Gregg Giuffria (born July 28, 1951) is an American rock musician and businessman.  He was the keyboardist for AOR bands Angel, House of Lords, and Giuffria.

Career
Giuffria is originally from Gulfport, Mississippi, graduating from high school in 1969.  A talented keyboardist, he played in several local bands including The Telstars and Flower Power (who released several singles on the Tune Kel label), he moved to the US West Coast where in the mid 1970s he joined Angel.
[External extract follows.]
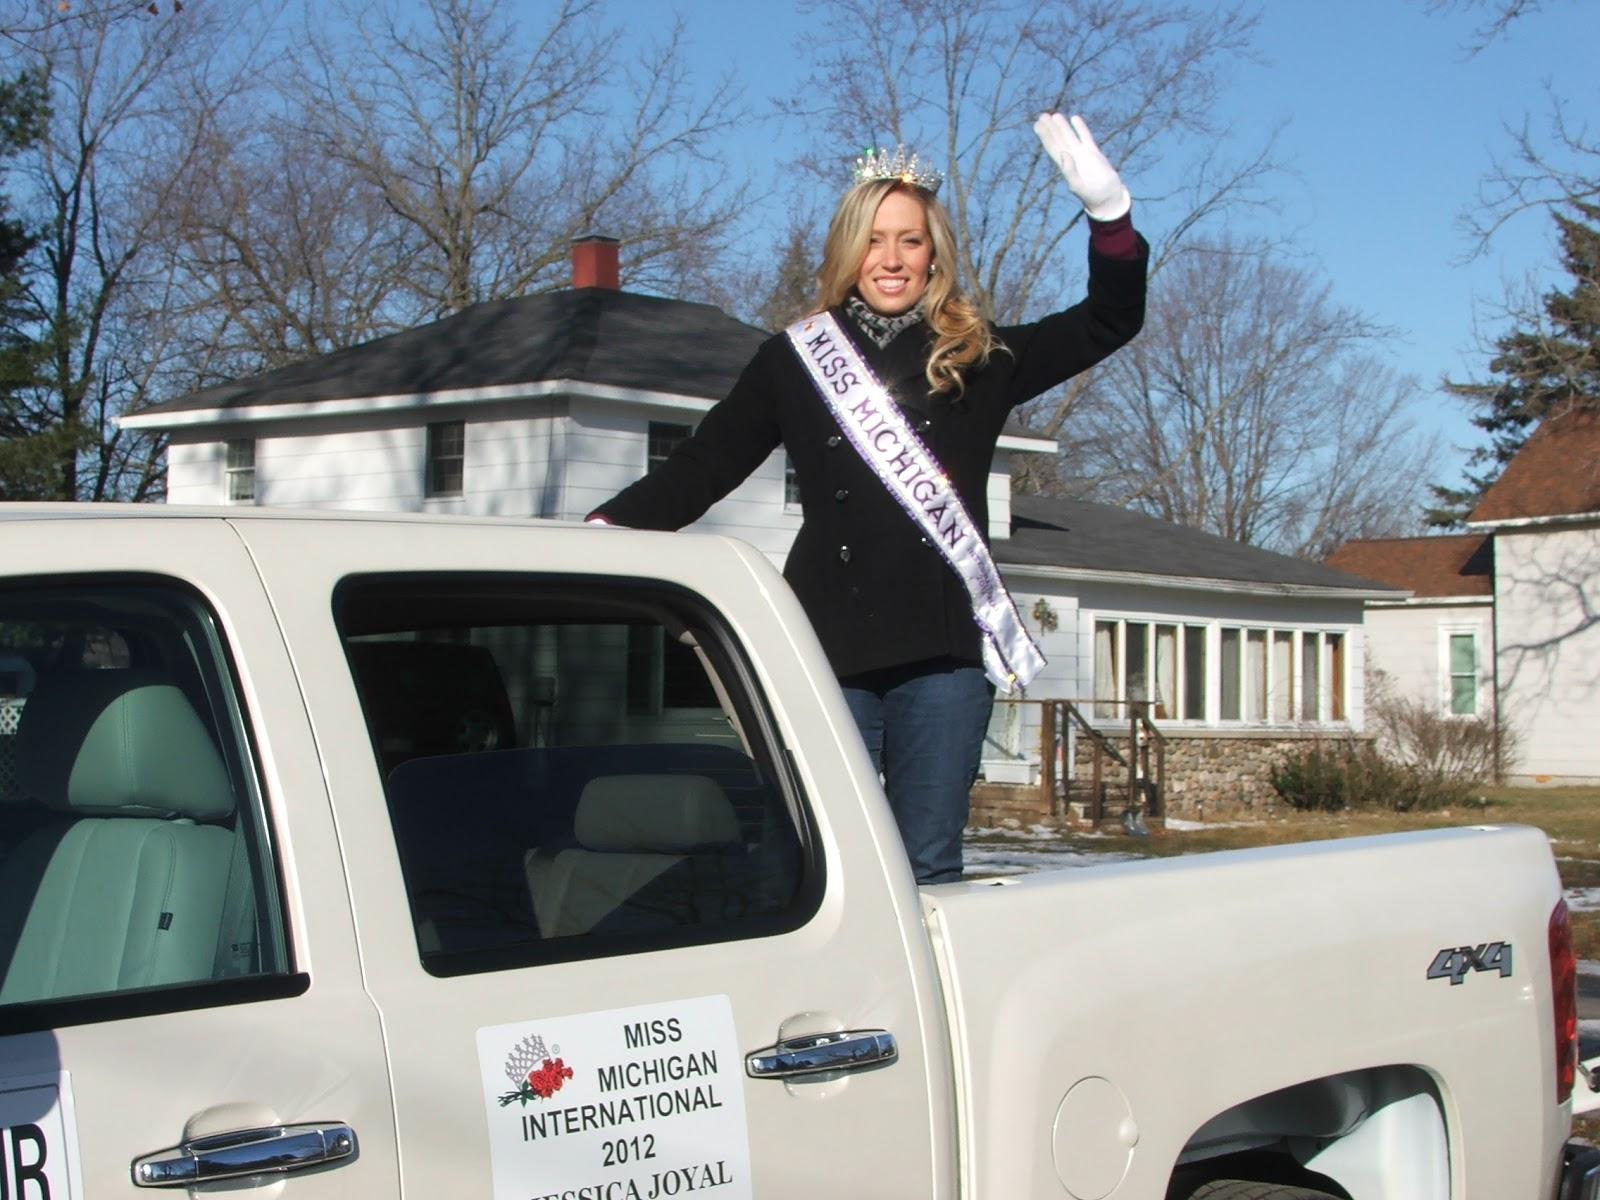 Miss Michigan International 2012: Perchville USA Parade 2012

After the band broke up in 1981 Giuffria put together his own band, Giuffria, with vocalist David Glen Eisley, guitarist Craig Goldy, bassist Chuck Wright, and drummer Alan Krigger, and achieved some success with their first eponymous album and first single "Call to the Heart," which made the Top 20 on the Billboard Hot 100. The band broke up after the commercial failure of their next album "Silk and Steel" in 1986.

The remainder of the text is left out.